China and South Korea: Both nations have pursued developing and standardising their own national PQC algorithms separate from the NIST process (e.g., South Korea's HAETAE and China's domestic candidates), reflecting a priority for digital sovereignty and national control over cryptographic assurance. There is no further information provided on these schemes.
Key SPeaker: Prof Jonathan Katz
The overall transition to PQC presents significant operational and financial challenges:Resource and Cost Overheads: The shift, particularly to lattice-based cryptography, demands an estimated 30x increase in length for some applications.
Data Footprint: PQC schemes generally involve significantly longer cryptographic keys and signatures, impacting data storage and transmission protocols , see table below:
Hurdles include updating codebases, ensuring backwards compatibility, and navigating the issue of multiple global standards to enforce a consistent security baseline. The risk of backwards-forcing attacks against PQC schemes is a strong motivator for a coordinated, enforced standard.
Other problems are things like Certificate Authorities need to be able to understand both PQC and non-PQC certificates, so will need to be standardised earlier than the use of the certificates in question. And then they will also need to be responsible for any secure down-grade which may be required by one of the communicating parties, if they are not advanced enough to accept PQC keys.
| Protocol Stack |
Key Agreement (KA) (Bytes) |
Authenticating the Server (AS) (Bytes) |
Total Communication Cost (Bytes) |
|---|---|---|---|
| TLS |
2272 |
9884 |
12156 |
| AuthKEM |
2272 |
8424 |
10696 |
| TLS + CT |
2272 |
14724 |
16996 |
| AuthKEM + CT |
2272 |
13264 |
15536 |
| TLS + MTC |
2272 |
4468 |
6740 |
| AuthKEM + MTC |
2272 |
3008 |
5280 |
Key Speaker: Dr Danesh Jogio
The Australian government, through the Australian Signals Directorate (ASD), has signalled alignment with NIST PQC standards as the most suitable cryptographic security framework for national requirements. Specifically, the ASD endorses the lattice-based ML-KEM (Module-Lattice-Based Key-Encapsulation Mechanism), due to the quantum-safety requirements, and warrants the overhead.

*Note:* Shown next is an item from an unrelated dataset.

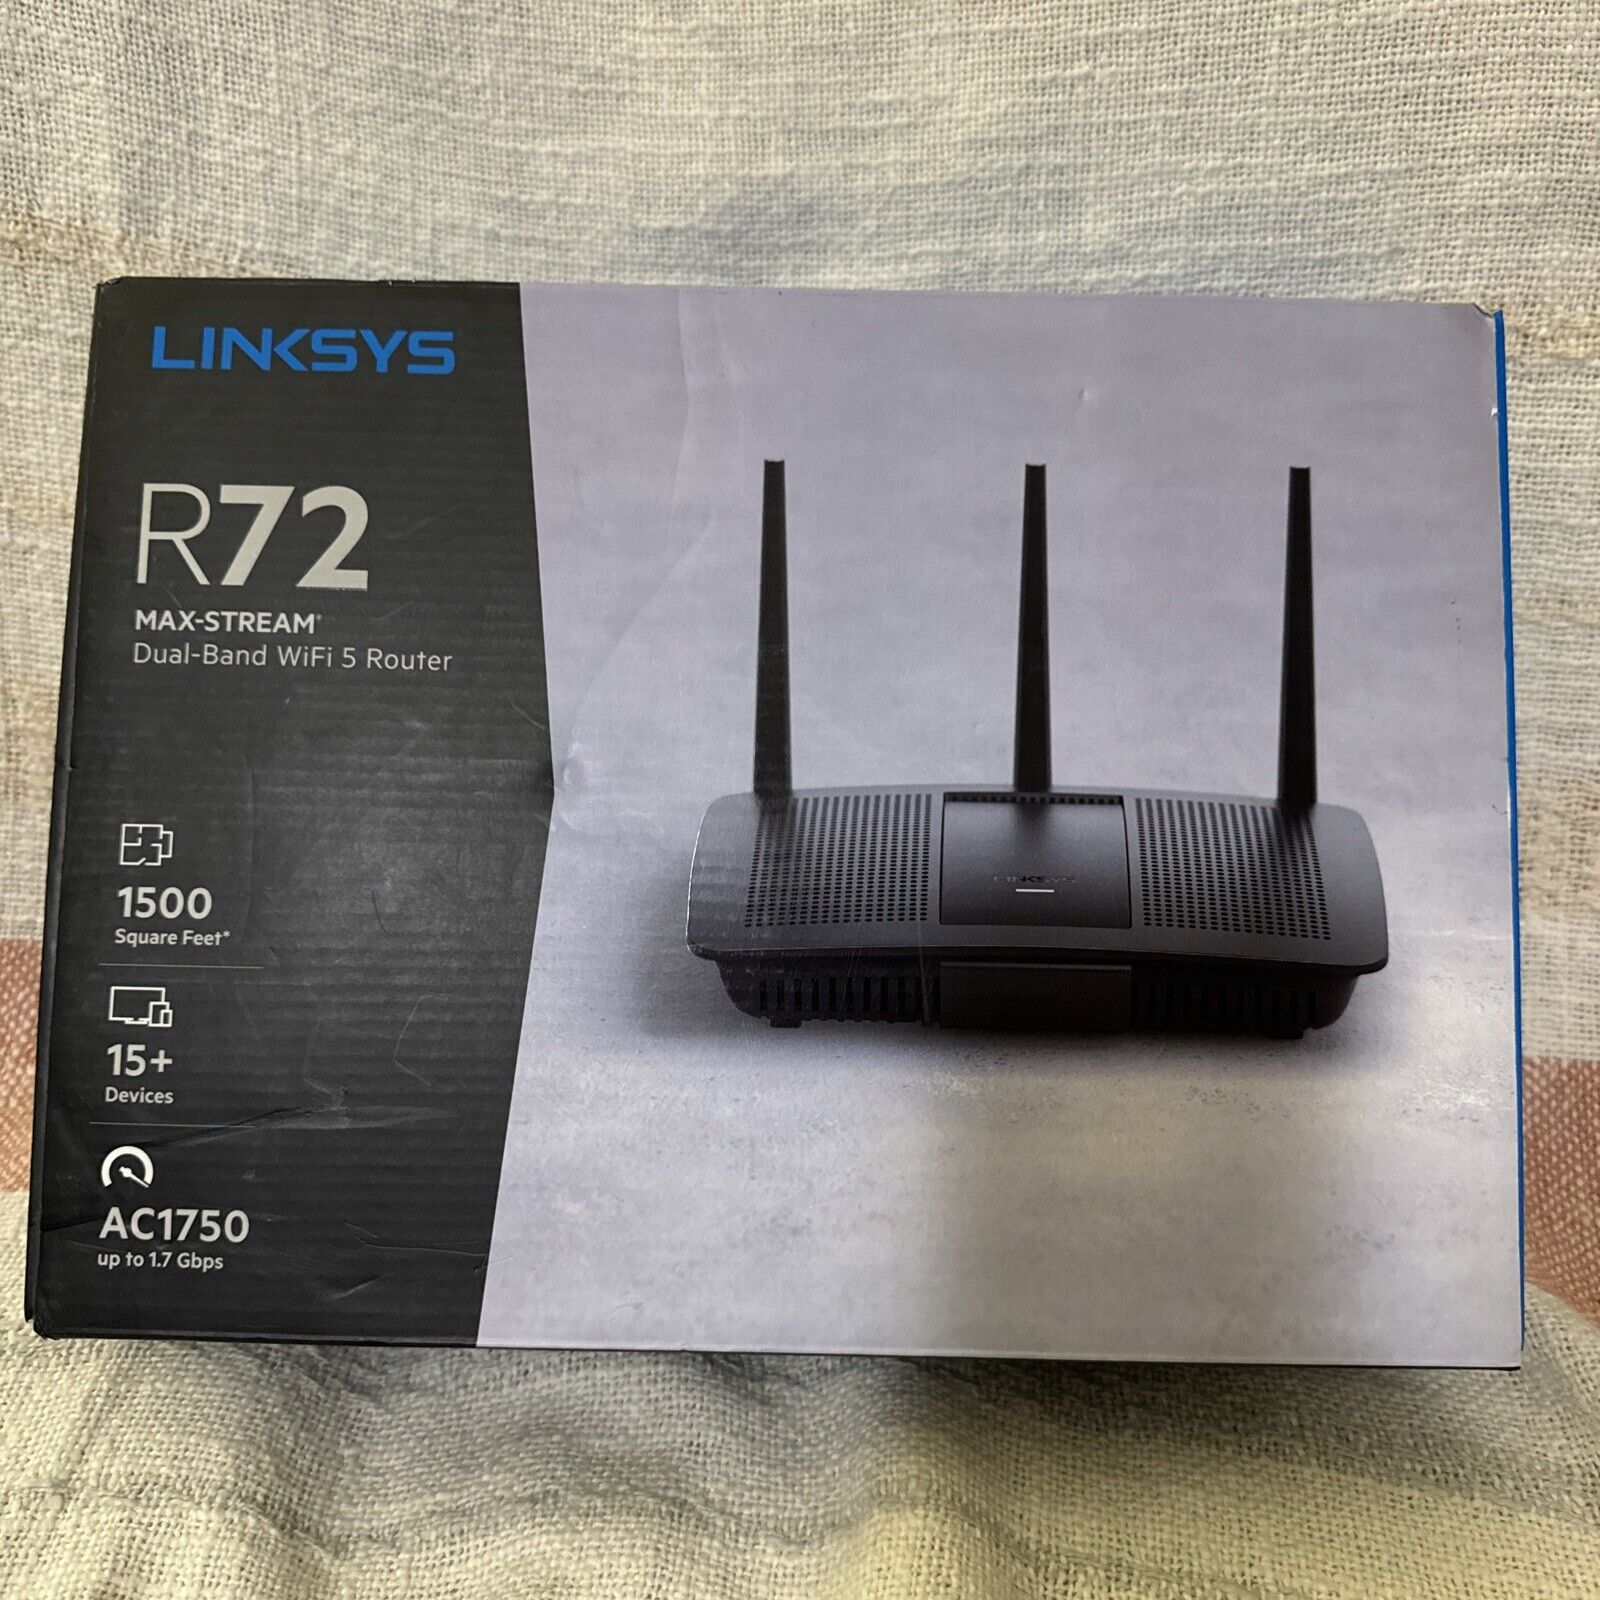 NEW Open Box  Linksys R72 Max Stream Dual Band WiFi 5 Router AC1750

The government is prioritising future-proofing long-lived data systems against the "harvest now, decrypt later" threat, despite the associated operational costs and performance impact. The ASD generally encourages a pure-PQC transition by its 2030 goal, favouring the higher security level ML-KEM-1024 for long-term use, while accepting ML-KEM-768 until 2030.

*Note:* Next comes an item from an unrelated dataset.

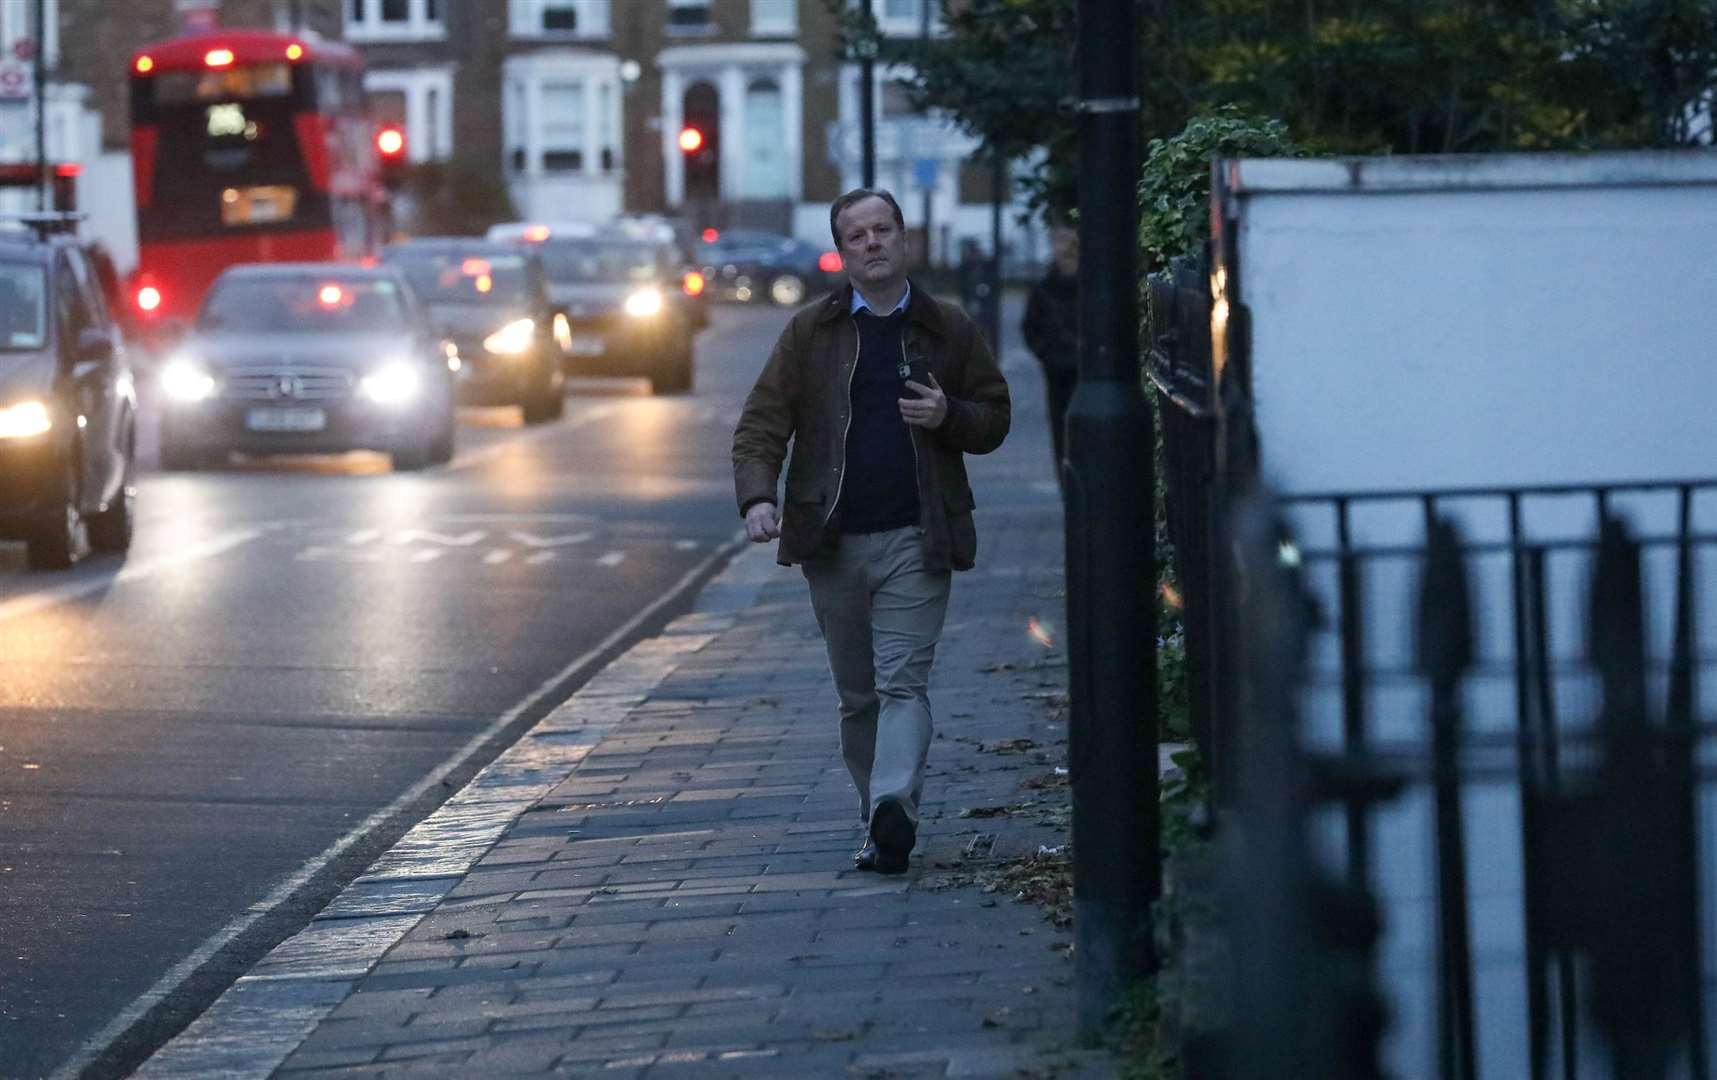 Ex-MP Charlie Elphicke pictured recently near his Fulham home. Picture: UKNIP

The conference emphasised practical solutions and set expectations for the migration, about the use of hybrid cryptographic schemes (combining classical and PQC algorithms) is considered a sound and necessary transitional strategy to manage risk and security during the changeover period. The consensus is that 2030 represents an ambitious, possibly unachievable, deadline for a complete transition across all industries, depending on the current state of industry readiness. A phased, measured approach that prioritises critical and long-lived data systems is required. Also, there is an increasing use of Merkle tree authentication, as it noted as a valuable technique to provide an extra layer of integrity and authenticity to digital signatures.